I haven't done precise testing. My estimate is the enhancement in speed is about between 10% and 15%.

Code: Select all

CUDA Toolkit		Linux x86_64 Driver Version		Windows x86_64 Driver Version
CUDA 11.0.194		 >= 450.51.05					>= 451.48
I built Lc0 26.0 from source after installing CUDA 11. I did not change the source code or build script in any way.
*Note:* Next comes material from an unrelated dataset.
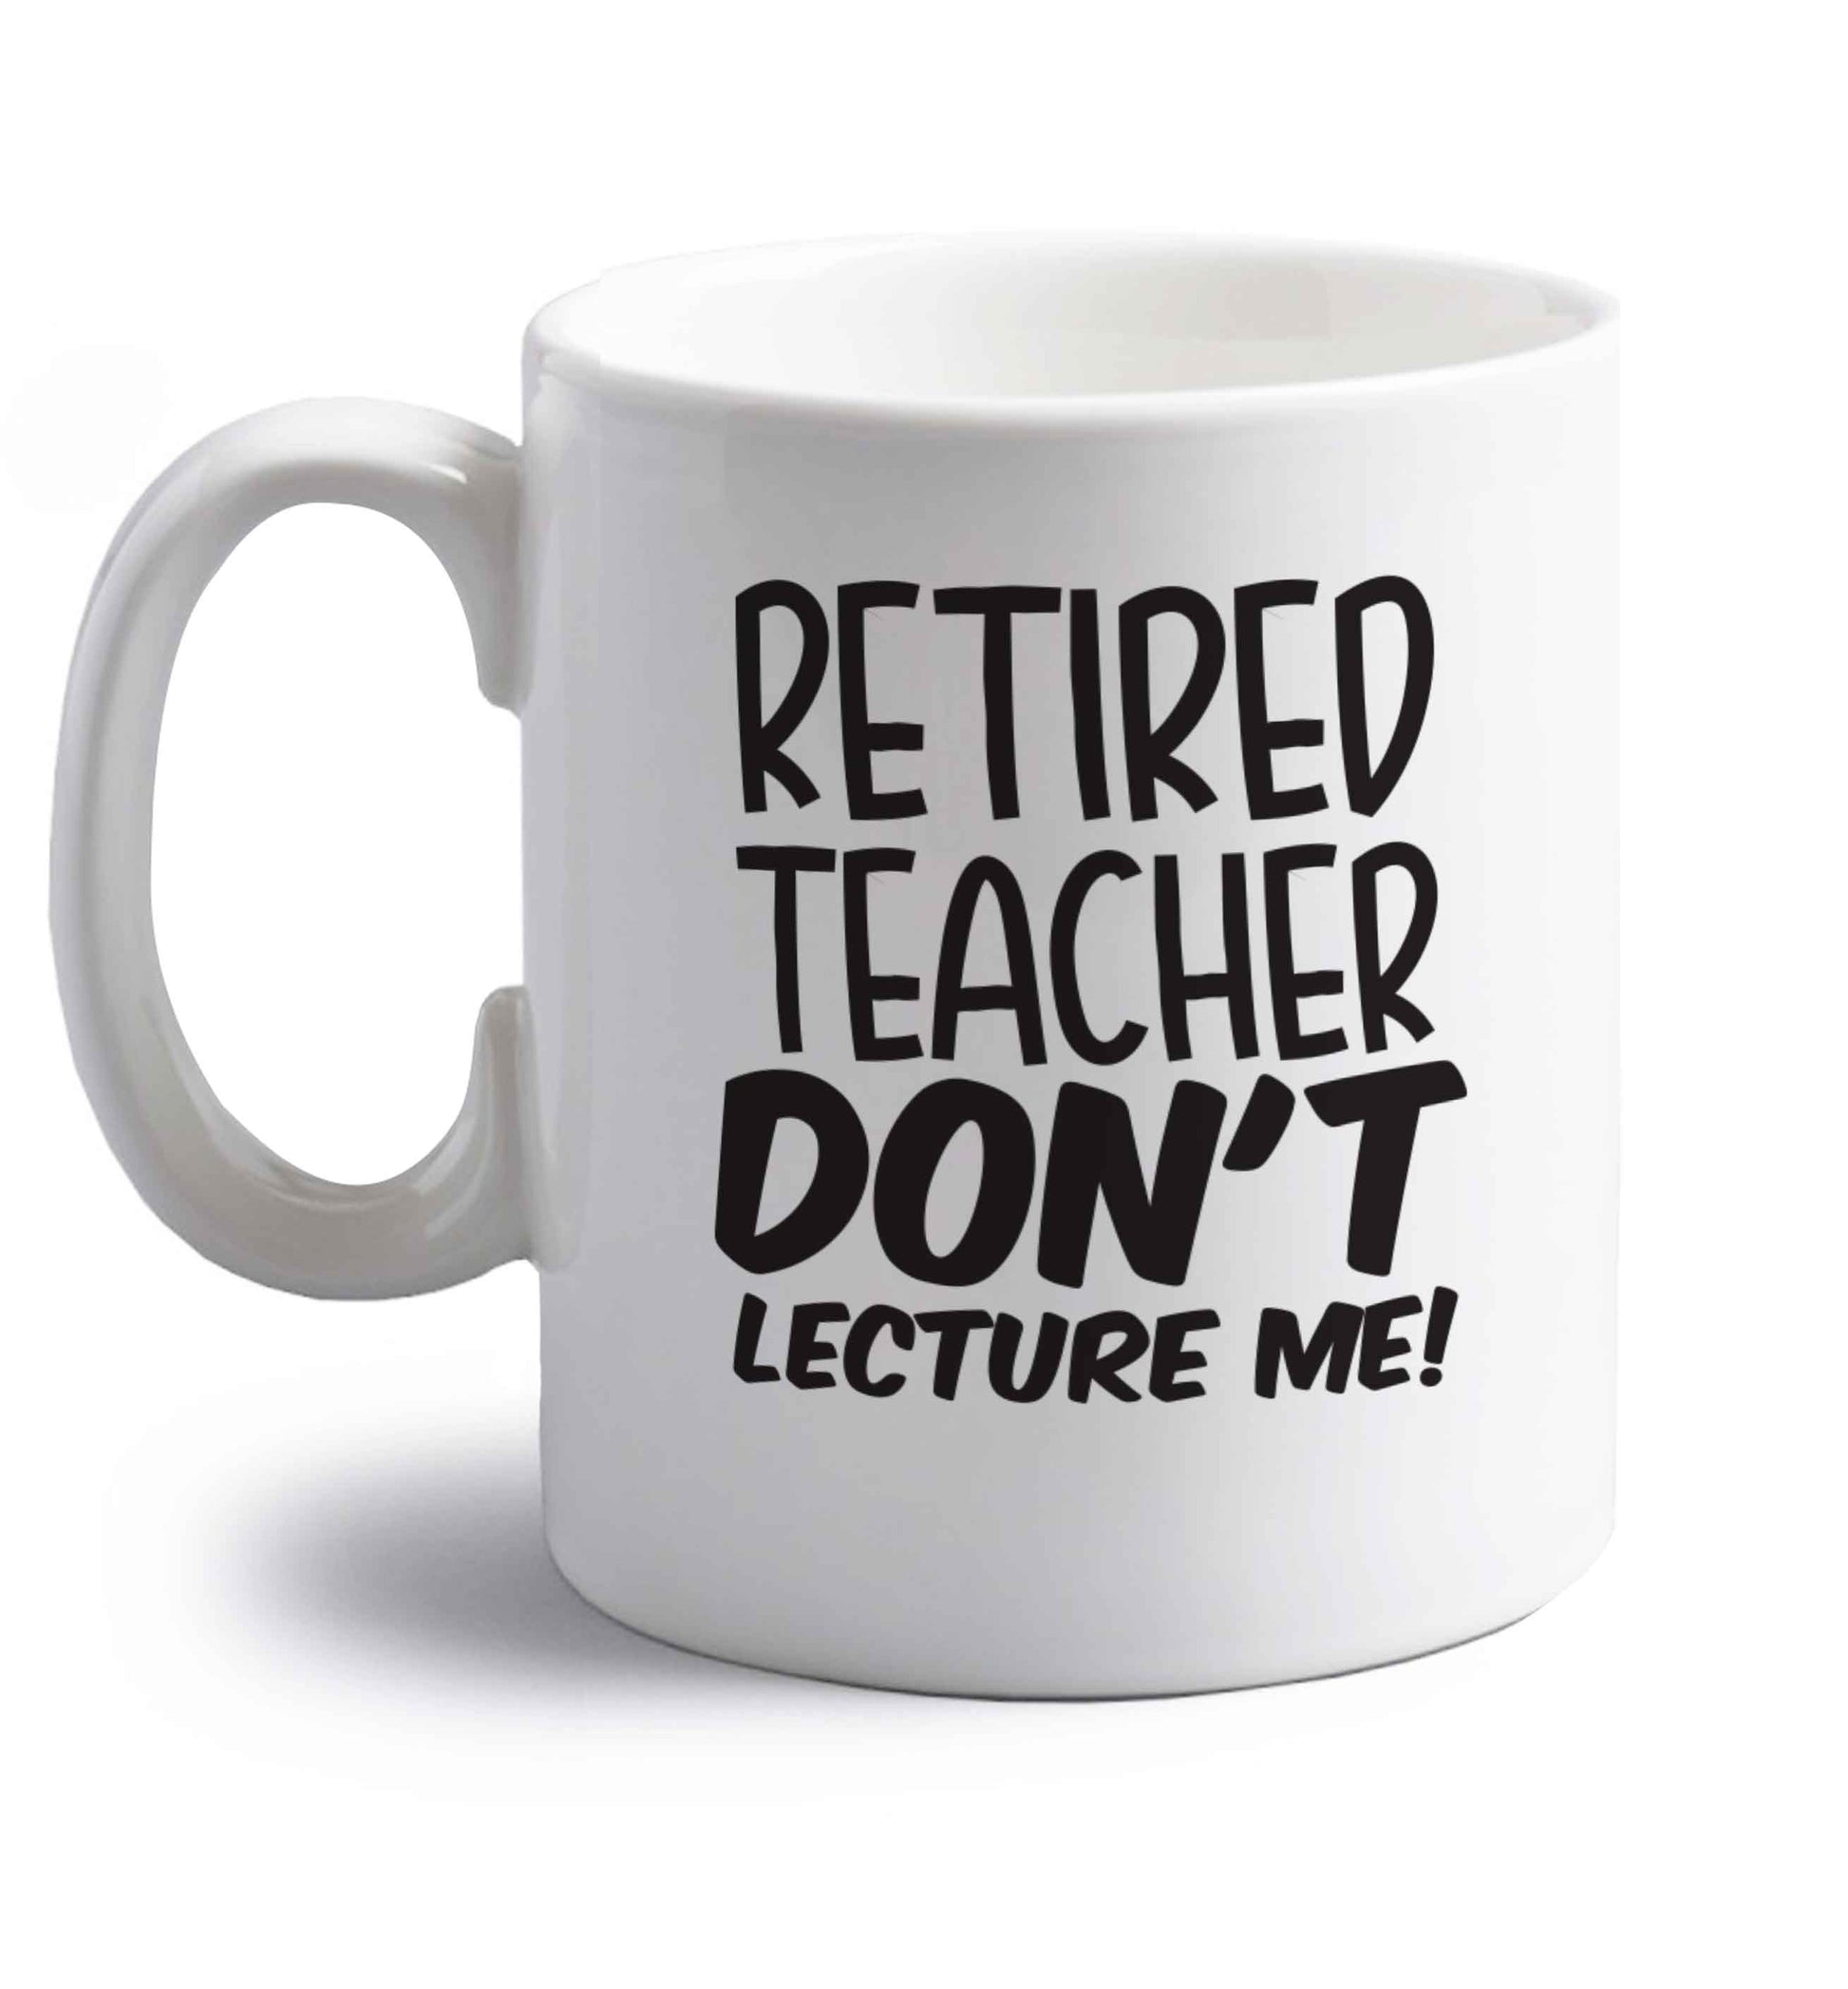 Retired teacher don't lecture me! right handed white ceramic mug 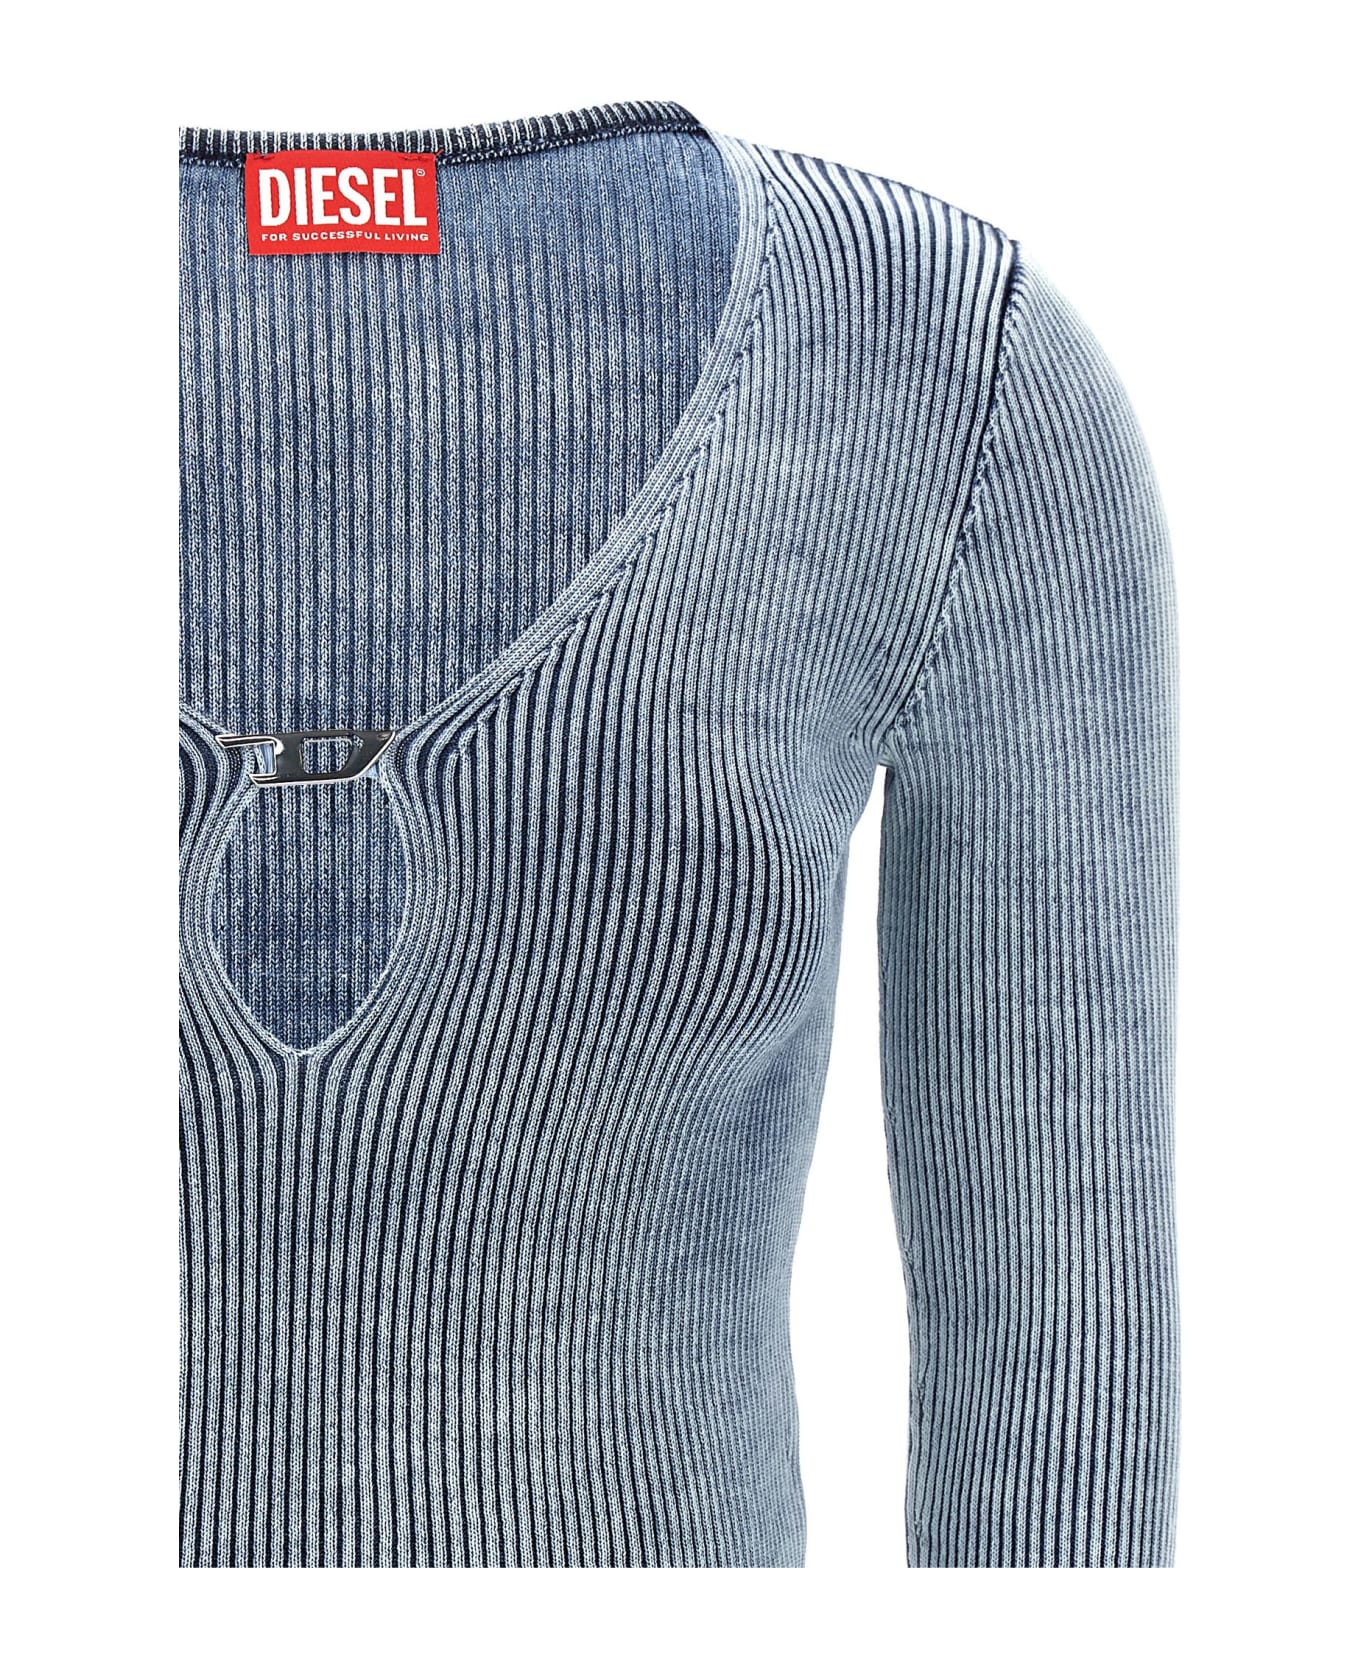 Diesel 'm-teri' Sweater ニットウェア

I installed CUDA Toolbox 11 and downloaded the latest (26.0) version of Lc0. When I start it, it still indicates that the Cuda Runtime Version is 10.0.0, not 11. Did I miss something? The output from Lc0 indicates "Latest version of CUDA supported by the driver: 11.0.0"
I think you'd need to build Lc0 from source. Existing binaries are built to use 10.0.